Historical fiction for children, particularly girls, is booming. The American Girl series and the Dear America series, both of which offer a variety of plucky young peoplefrom different eras and socioeconomic strata are hugely successful; American Girl is a multimedia merchandising bonanza, complete with its own magazine and now a hit play in Chicago.

One could argue that these too are the work of Wilder, who died in 1957: Her books were among the first written solely as an attempt to preserve a certain time. While her populist politics certainly show through, Wilder, unlike, say, Louisa May Alcott, was not in it for the morality tale.

Advertisement

She was, instead, a very external writer--her books are full of detailed and evocative physical descriptions of everything from the buttons on Ma’s good dress to the prairie sky just before a blizzard. Internal monologues are few and far between; even the dialogue is minimal. But you know what it feels like to have to stuff a straw tick, or what a brand-new town is like or how important butter tastes after a winter without it.

“We’re all curious about what it was like before,” says Sharon Hearn, owner of Children’s Book World bookstore in Los Angeles. “For children, it’s wonderful because the stages of growing up are the same no matter what the time period. And for both children and adults, the books offer a window through time. Who doesn’t like that?”

“It’s the small episodes in a person’s life that turn out to be the most important,” says author Wiley. “Laura had a real child’s perspective, the way the books mature as she does. And she doesn’t hit you over the head with moralizing or conclusions. The voice is just very fresh and real.”

Wiley says she had read the books hundreds of times before she even started working at HarperCollins, where, after several years on other projects, she asked to be considered as a writer for either the Martha or Charlotte books. After submitting sample chapters, she was chosen for both.

As with the Caroline books, some archival material existed for Charlotte, including one very detailed diary from her early life. (The Caroline stories are drawn from stories passed on to Rose and from letters Caroline’s sister, Martha, wrote to Laura while she was writing the original books.) But for Martha, little is known beyond basic facts of her life--that she came from Scotland, that her parents were well off. So Wiley worked with a scholar at Edinburgh to bring such a little girl to life.

Both of Wiley’s books capture the spirit and the importance of detail that made the original books so special. An admirable feat, made amazing by the fact that much of both books was written from the hospital bedside of Wiley’s own daughter, Kate, who was undergoing intensive chemotherapy at the time. Her leukemia has since gone into remission.

Advertisement

“I wanted to go to Scotland,” Wiley says, “but it was impossible. So I rented a lot of movies and travelogues. Most of the time I would write while Kate was asleep. It was such a wonderful gift for me, to be able to escape to a world so far away, at such a difficult time.”
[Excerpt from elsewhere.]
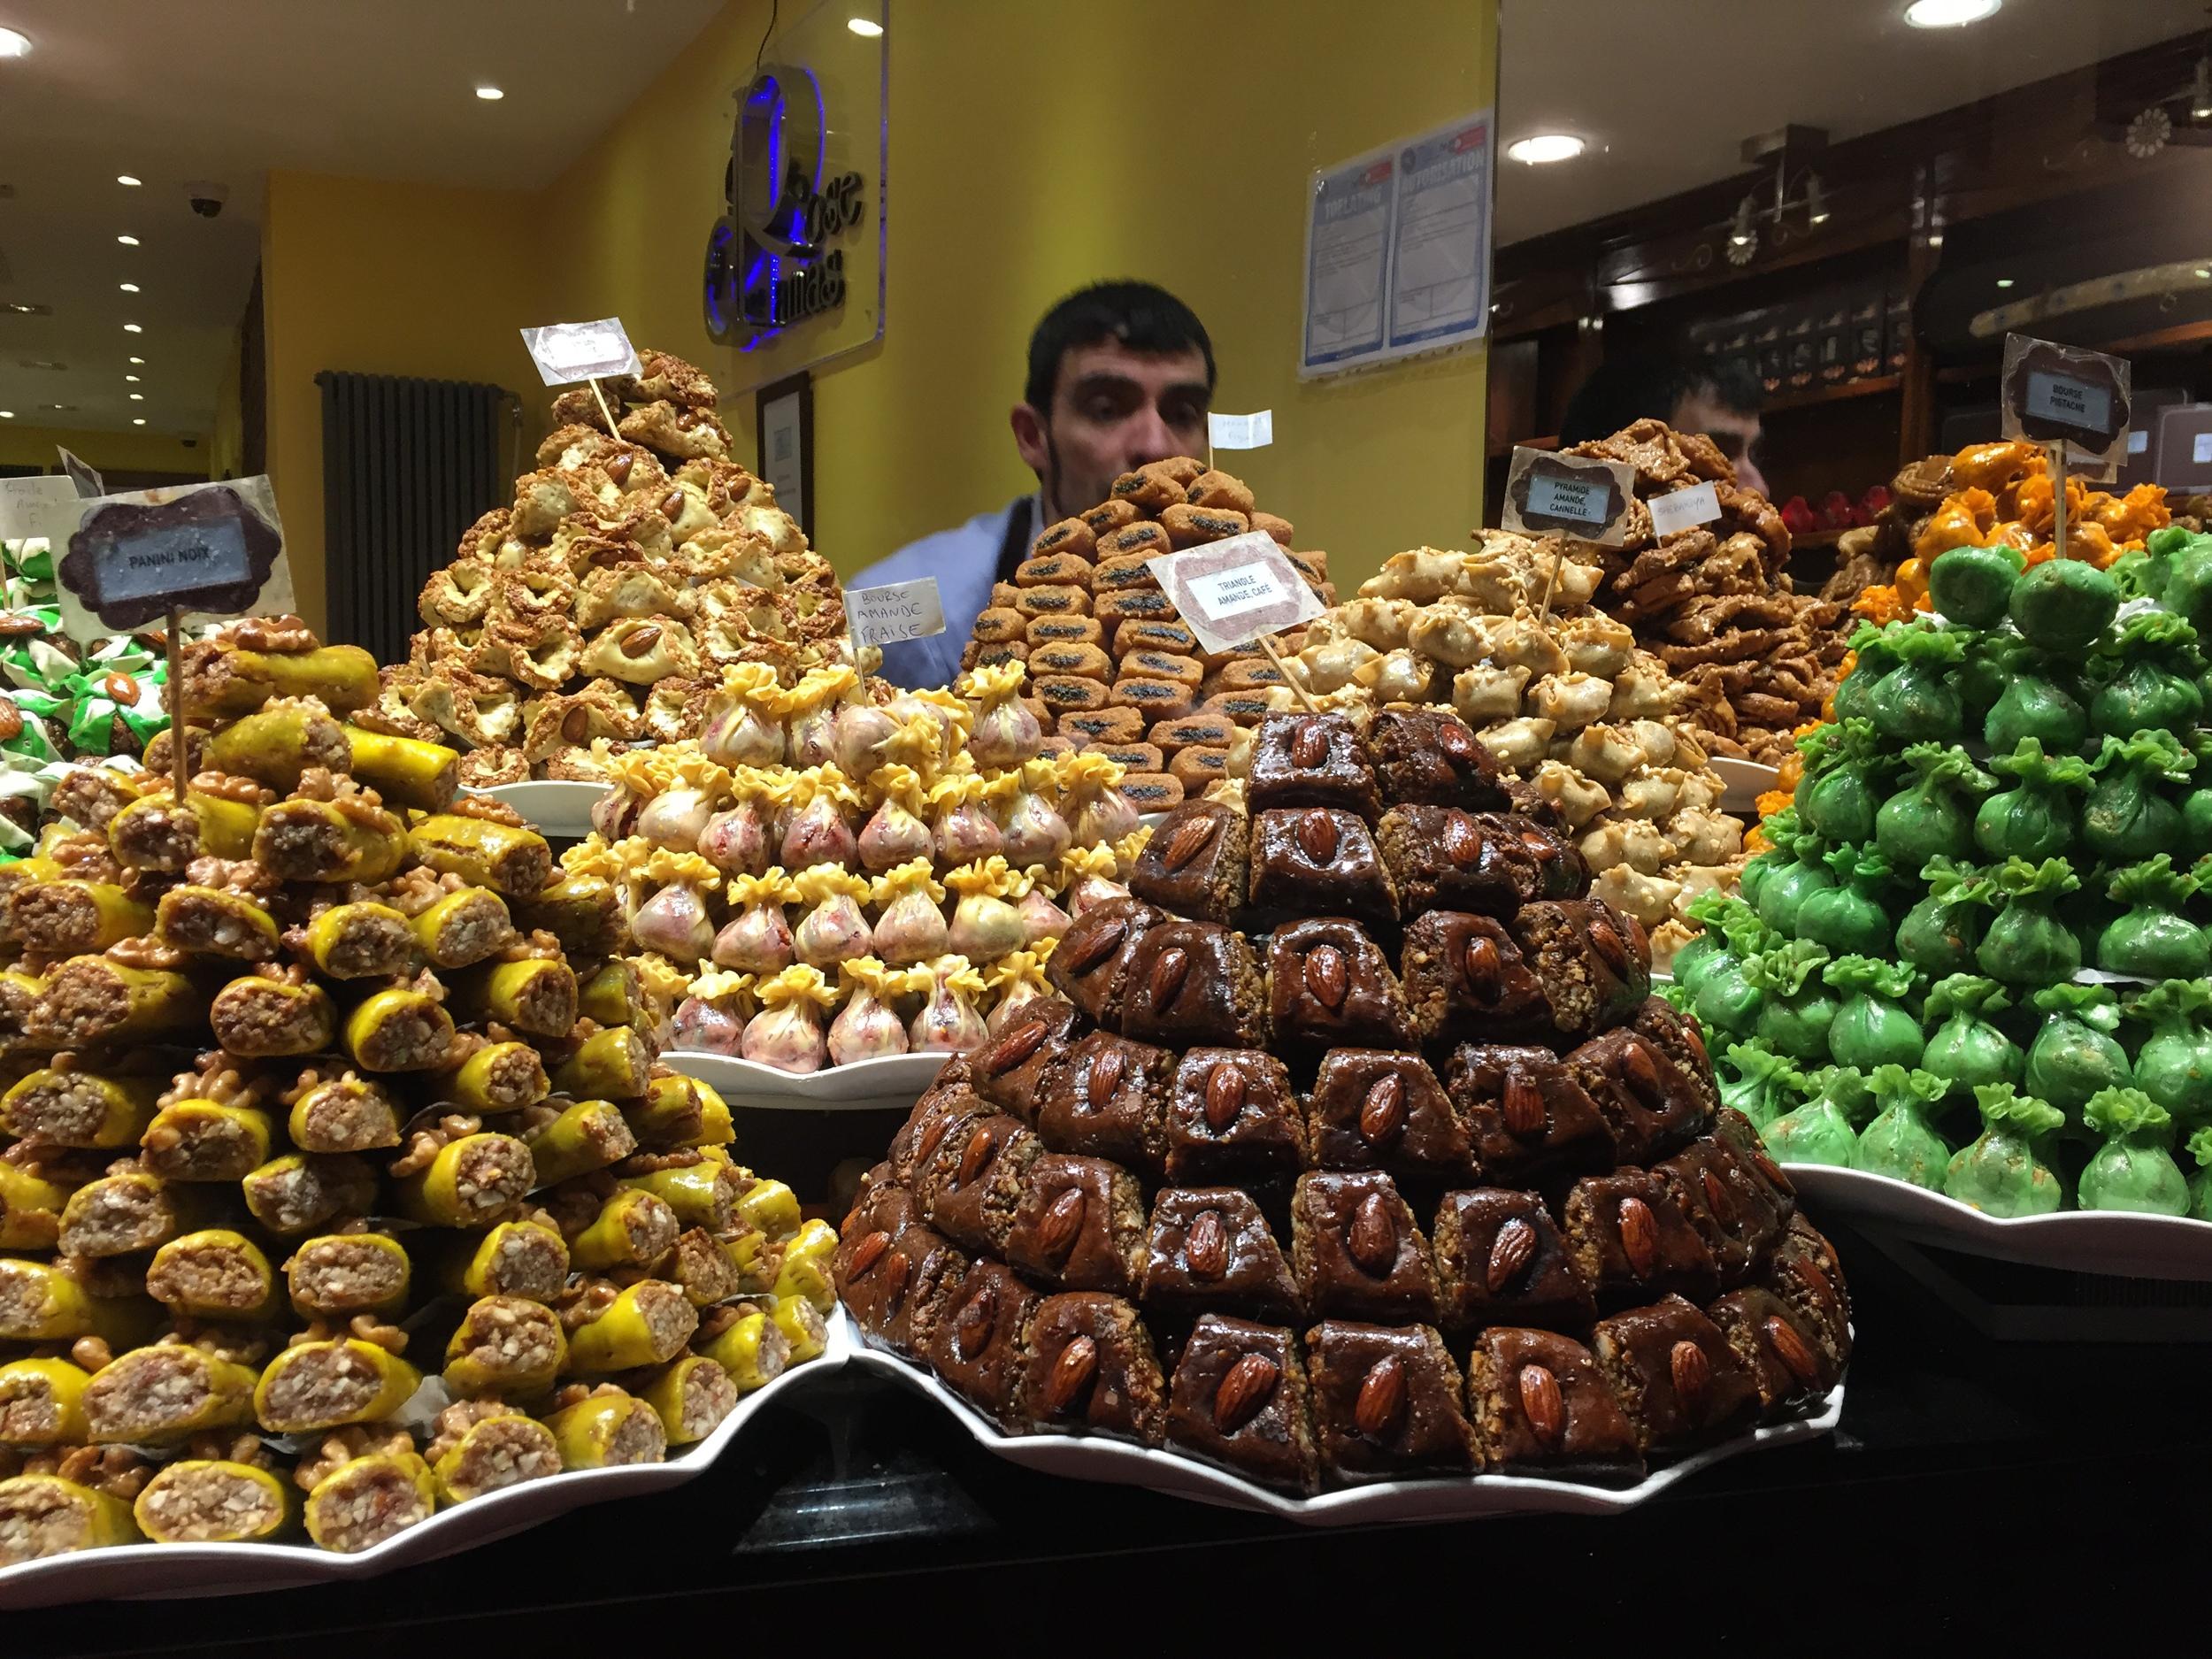 Pyramids of Mediterranean sweets...

That escapism is another reason the “Little House” books live on. The Ingallses were hardscrabble farmers. Pa had no sons to help him, and the country was often cruel. They suffered setbacks and disasters--their crops were destroyed by hail and locusts, daughter Mary lost her sight, they almost starved to death the first winter in Dakota Territory--and yet, there is a determined optimism, a belief in the divine and a quiet devotion to family that soothes the soul of any lost or troubled child.

Who doesn’t want to be part of a family like the Ingallses, to know that Ma and Pa will take care of us and that we can help the family? To be part of something better and larger than ourselves?